--- START ---
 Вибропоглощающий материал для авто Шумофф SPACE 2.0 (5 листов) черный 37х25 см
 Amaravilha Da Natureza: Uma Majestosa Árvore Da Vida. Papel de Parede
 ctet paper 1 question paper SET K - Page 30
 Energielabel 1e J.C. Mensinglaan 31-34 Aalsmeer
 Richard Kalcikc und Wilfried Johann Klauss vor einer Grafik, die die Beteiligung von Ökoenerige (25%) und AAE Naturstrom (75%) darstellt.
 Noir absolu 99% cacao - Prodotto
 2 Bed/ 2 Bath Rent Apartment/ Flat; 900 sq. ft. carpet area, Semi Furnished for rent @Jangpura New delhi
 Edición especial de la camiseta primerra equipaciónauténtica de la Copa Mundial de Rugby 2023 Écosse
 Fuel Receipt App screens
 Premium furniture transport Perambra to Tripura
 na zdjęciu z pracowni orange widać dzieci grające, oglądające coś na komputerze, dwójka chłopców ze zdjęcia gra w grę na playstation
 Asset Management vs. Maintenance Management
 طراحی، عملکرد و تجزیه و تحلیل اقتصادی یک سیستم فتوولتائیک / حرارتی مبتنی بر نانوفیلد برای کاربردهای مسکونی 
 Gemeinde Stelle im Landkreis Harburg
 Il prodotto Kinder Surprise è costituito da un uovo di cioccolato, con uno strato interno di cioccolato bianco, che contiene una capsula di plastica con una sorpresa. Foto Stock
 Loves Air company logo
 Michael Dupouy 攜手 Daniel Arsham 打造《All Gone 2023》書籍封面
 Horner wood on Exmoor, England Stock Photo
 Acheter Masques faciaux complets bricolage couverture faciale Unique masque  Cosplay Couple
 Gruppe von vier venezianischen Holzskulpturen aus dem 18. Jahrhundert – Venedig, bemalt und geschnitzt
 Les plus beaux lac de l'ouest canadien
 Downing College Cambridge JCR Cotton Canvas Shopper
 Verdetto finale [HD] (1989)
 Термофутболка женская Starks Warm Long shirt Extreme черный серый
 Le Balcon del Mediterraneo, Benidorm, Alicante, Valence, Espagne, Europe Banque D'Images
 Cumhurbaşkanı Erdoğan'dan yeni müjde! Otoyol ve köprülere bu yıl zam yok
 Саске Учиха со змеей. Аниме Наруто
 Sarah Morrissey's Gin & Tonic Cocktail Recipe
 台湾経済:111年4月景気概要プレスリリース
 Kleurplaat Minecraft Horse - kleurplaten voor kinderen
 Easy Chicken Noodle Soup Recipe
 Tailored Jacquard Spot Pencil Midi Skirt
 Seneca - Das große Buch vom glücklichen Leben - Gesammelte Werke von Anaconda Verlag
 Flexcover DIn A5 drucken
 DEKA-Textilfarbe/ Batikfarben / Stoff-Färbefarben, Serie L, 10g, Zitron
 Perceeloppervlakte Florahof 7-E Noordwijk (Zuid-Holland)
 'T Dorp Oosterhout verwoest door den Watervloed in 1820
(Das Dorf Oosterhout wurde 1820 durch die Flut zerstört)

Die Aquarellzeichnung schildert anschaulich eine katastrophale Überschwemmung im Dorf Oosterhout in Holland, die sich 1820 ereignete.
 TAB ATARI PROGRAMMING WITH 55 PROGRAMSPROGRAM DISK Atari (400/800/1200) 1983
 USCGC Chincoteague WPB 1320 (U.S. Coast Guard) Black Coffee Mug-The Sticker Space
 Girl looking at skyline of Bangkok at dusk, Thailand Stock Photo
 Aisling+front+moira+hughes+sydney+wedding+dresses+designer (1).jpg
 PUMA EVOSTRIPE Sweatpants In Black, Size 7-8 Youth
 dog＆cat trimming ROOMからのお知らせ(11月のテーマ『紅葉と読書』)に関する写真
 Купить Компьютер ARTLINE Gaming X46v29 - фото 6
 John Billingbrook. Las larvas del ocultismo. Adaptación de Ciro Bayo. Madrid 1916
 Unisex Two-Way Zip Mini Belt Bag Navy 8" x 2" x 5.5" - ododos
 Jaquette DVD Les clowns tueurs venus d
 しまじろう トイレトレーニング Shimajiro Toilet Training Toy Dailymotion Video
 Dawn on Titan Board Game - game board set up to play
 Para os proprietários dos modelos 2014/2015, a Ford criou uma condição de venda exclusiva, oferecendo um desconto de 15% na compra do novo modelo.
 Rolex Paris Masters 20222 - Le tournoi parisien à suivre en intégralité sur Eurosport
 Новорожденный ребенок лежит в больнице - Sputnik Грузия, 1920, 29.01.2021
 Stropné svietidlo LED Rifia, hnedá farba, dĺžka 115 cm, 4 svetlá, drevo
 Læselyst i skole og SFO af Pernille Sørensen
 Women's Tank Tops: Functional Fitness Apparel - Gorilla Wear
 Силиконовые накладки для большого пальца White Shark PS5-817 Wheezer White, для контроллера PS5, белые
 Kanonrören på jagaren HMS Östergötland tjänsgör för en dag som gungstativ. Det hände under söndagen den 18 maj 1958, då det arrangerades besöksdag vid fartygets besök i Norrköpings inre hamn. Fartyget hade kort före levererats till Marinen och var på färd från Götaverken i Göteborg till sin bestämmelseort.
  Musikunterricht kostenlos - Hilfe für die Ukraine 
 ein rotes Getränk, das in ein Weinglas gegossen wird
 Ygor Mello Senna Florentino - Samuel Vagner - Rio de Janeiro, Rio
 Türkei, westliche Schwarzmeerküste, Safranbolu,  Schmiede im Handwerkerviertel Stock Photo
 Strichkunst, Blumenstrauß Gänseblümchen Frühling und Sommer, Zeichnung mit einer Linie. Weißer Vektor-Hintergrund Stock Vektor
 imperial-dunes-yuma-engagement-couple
--- END ---
Please transcribe the records exactly from their first line through the line holding "Energielabel 1e J.C.", and leave out all others.

=== Your solution ===
 Вибропоглощающий материал для авто Шумофф SPACE 2.0 (5 листов) черный 37х25 см
 Amaravilha Da Natureza: Uma Majestosa Árvore Da Vida. Papel de Parede
 ctet paper 1 question paper SET K - Page 30
 Energielabel 1e J.C. Mensinglaan 31-34 Aalsmeer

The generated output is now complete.